II. Methylprednisolone

US-FDA Status: Approved for Hyperthyroidism
Availability: Prescription only
Generic name: methylprednisolone sodium succinate
Brand name: Sol-U-Medrol
Side-effects: Agitation, blurred vision, anxiety, aggression, dizziness
Indicated in pregnancy: Only if benefit outweighs fetal risk
Alcohol Content: Contains 5% alcohol

2. Non-steroidal Immunomodulators

This group of drug includes drugs which inhibit the immune cells of the body, i.e. T-cells and B-cells, thus coutneracting the autoimmune process of graves’ ophthalmopathy.

Available as: Oral preparations and Injections (intravenous infusion)

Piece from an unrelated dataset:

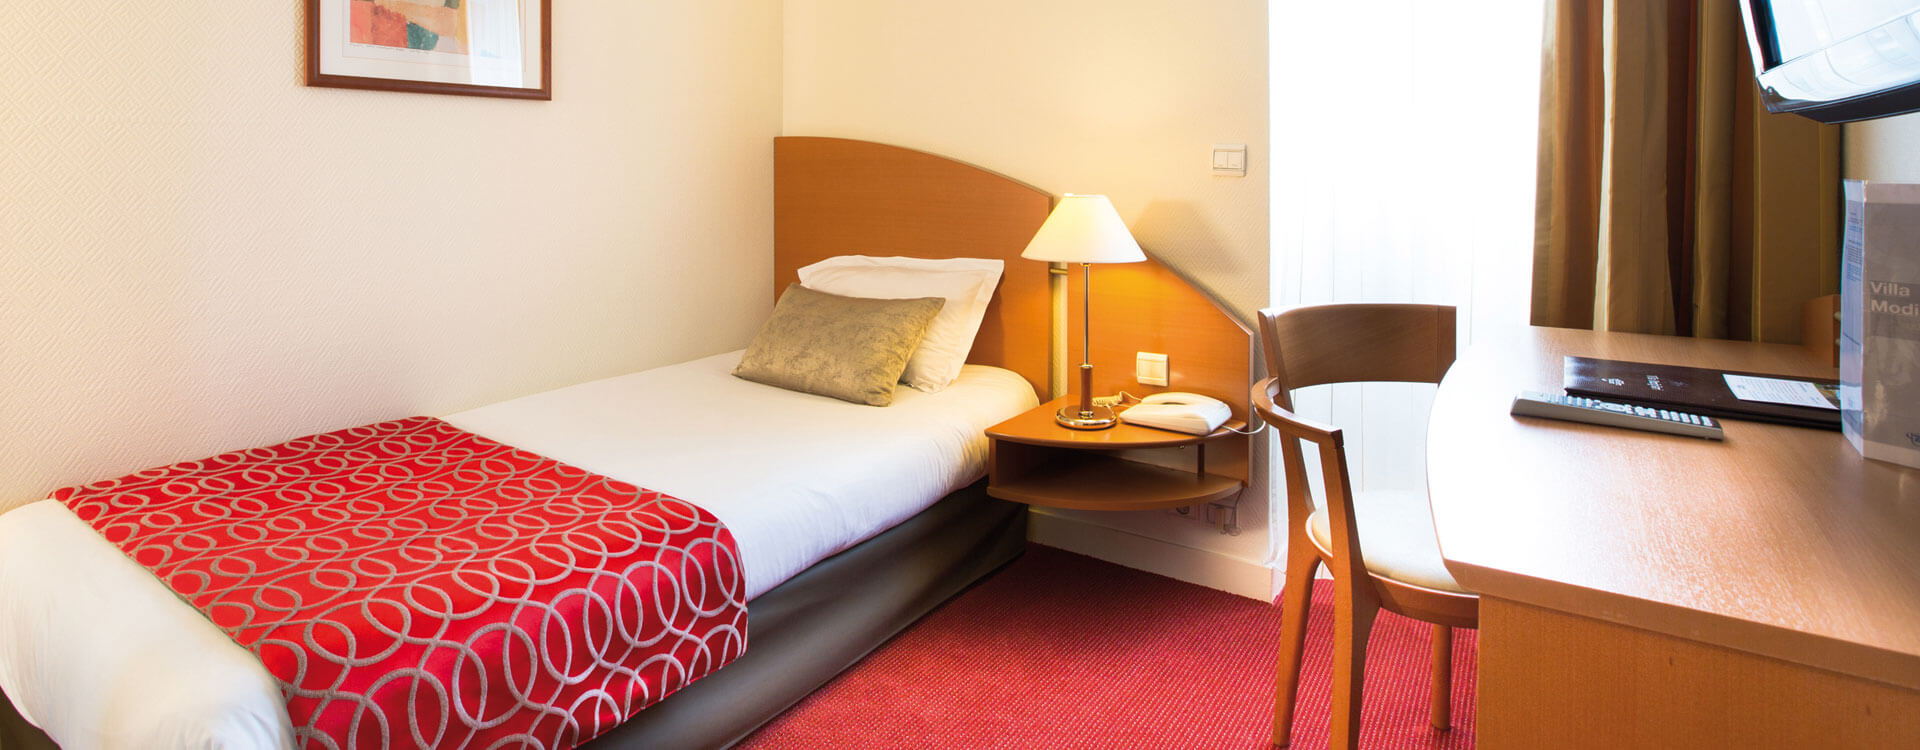 Chambre single - Hôtel*** Paris La Villa Modigliani
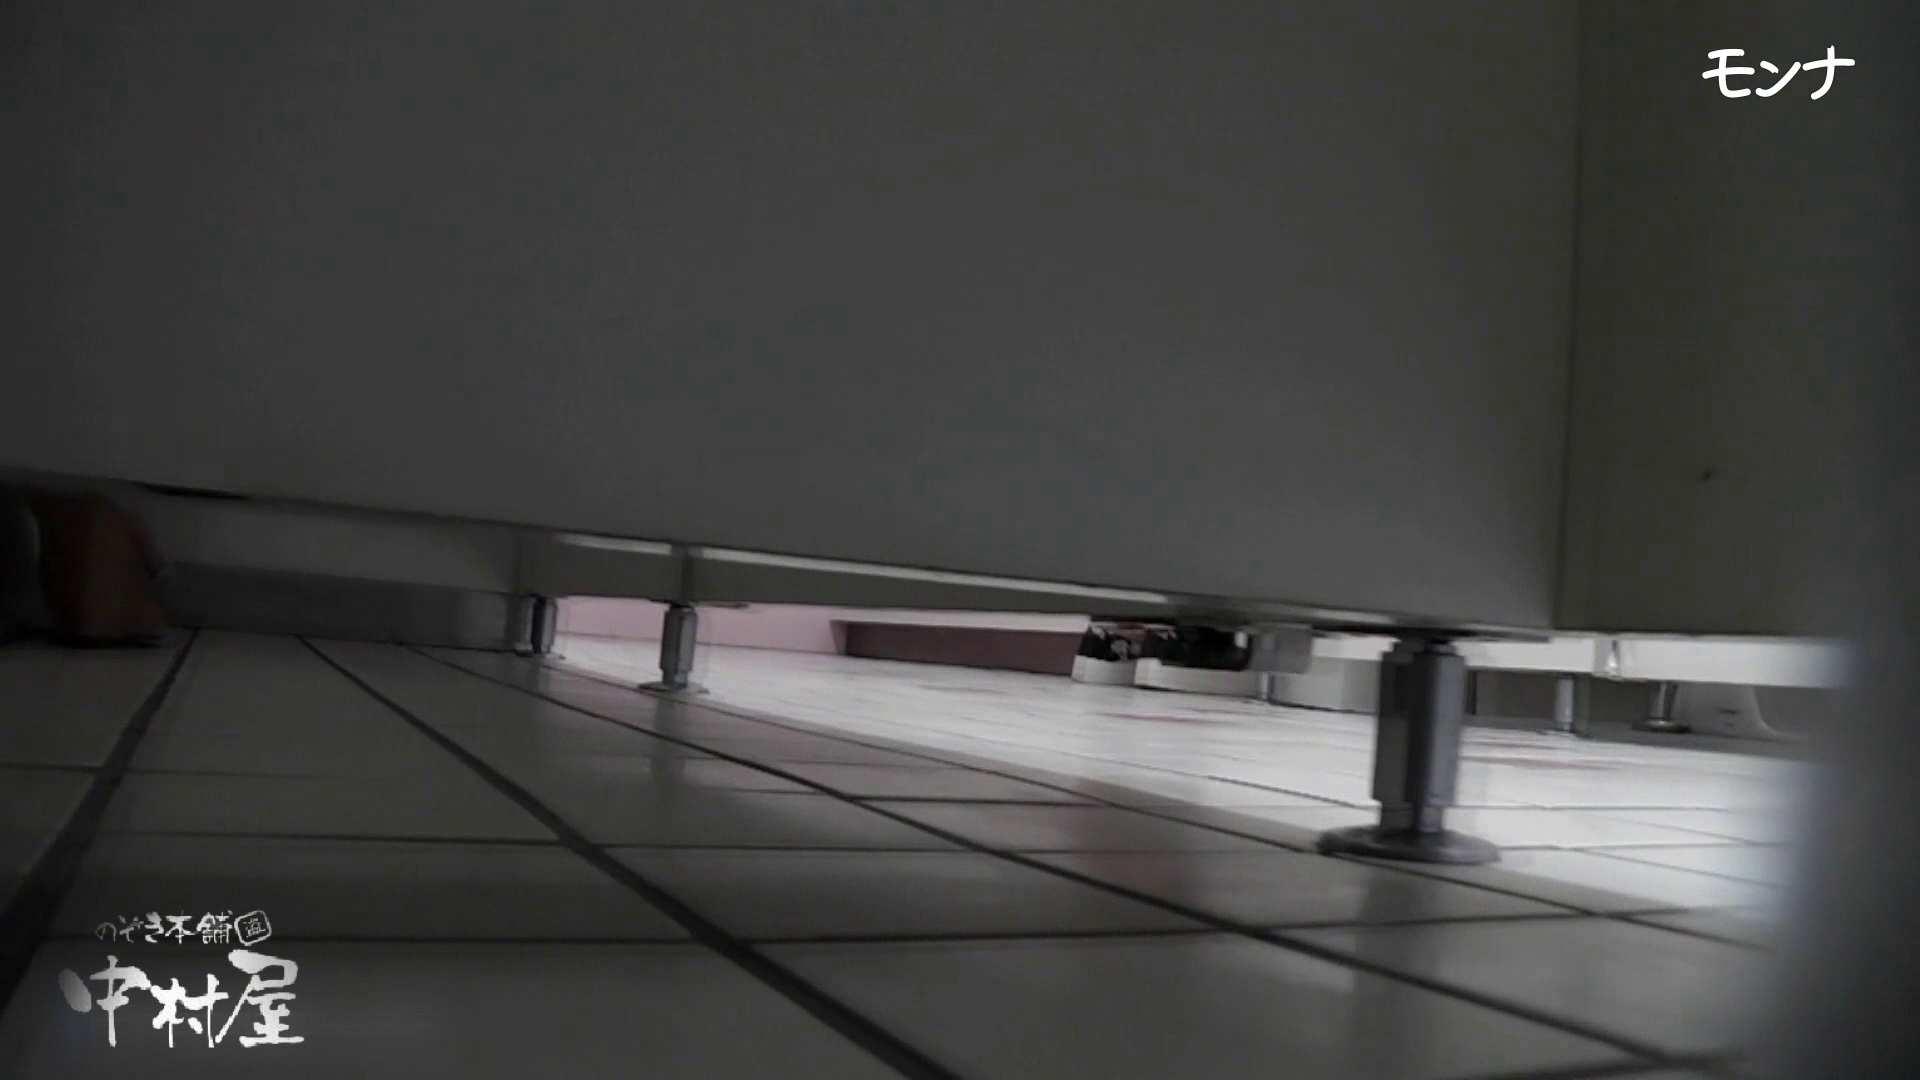 【美しい日本の未来】美しい日本の未来 No.69 ひやっと!終始15cmのしらすを垂らしながら・・・ エロいOL   ガールの盗撮  85枚

I. Specific T-cell Inhibitor

A. Cyclosporine
US-FDA Status: Approved for Hyperthyroidism
Availability: Prescription only
Generic name: cyclosporine
Brand name: Gengraf capsule
Side-effects: Tremors, increased hair growth on face and body, abdominal pain, headache
Indicated in pregnancy: Only if benefit outweighs fetal risk
Alcohol Content: Absent

II. Anti-B-Cell Agents

A. Rituximab
US-FDA Status: Approved for Hyperthyroidism
Availability: Prescription only
Generic name: rituximab
Brand name: Rituxan injection
Side-effects: Black tarry stools, bleeding gums, abdominal pain, blurred vision
Indicated in pregnancy: Only if benefit outweighs fetal risk
Alcohol Content: Absent

The non-steroidal immunomodulators are cytotoxic drugs and are primarily indicated in the treatment of cancer.

OTC

Because of the potential side-effects of the drugs used in hyperthyroidism, most of these drugs are available on prescription.

However, triamcinolone acetonide (topical preparation) is available as an over the counter drug for management of graves’ dermopathy in several countries, such as Australia, Canada, China, Germany, Greece, Italy, Japan, Mexico, Singapore, South Korea, Switzerland, Spain, UK and USA.

It must be remembered that a medical consultation is necessary to effectively manage the disease and self-medication is not recommended.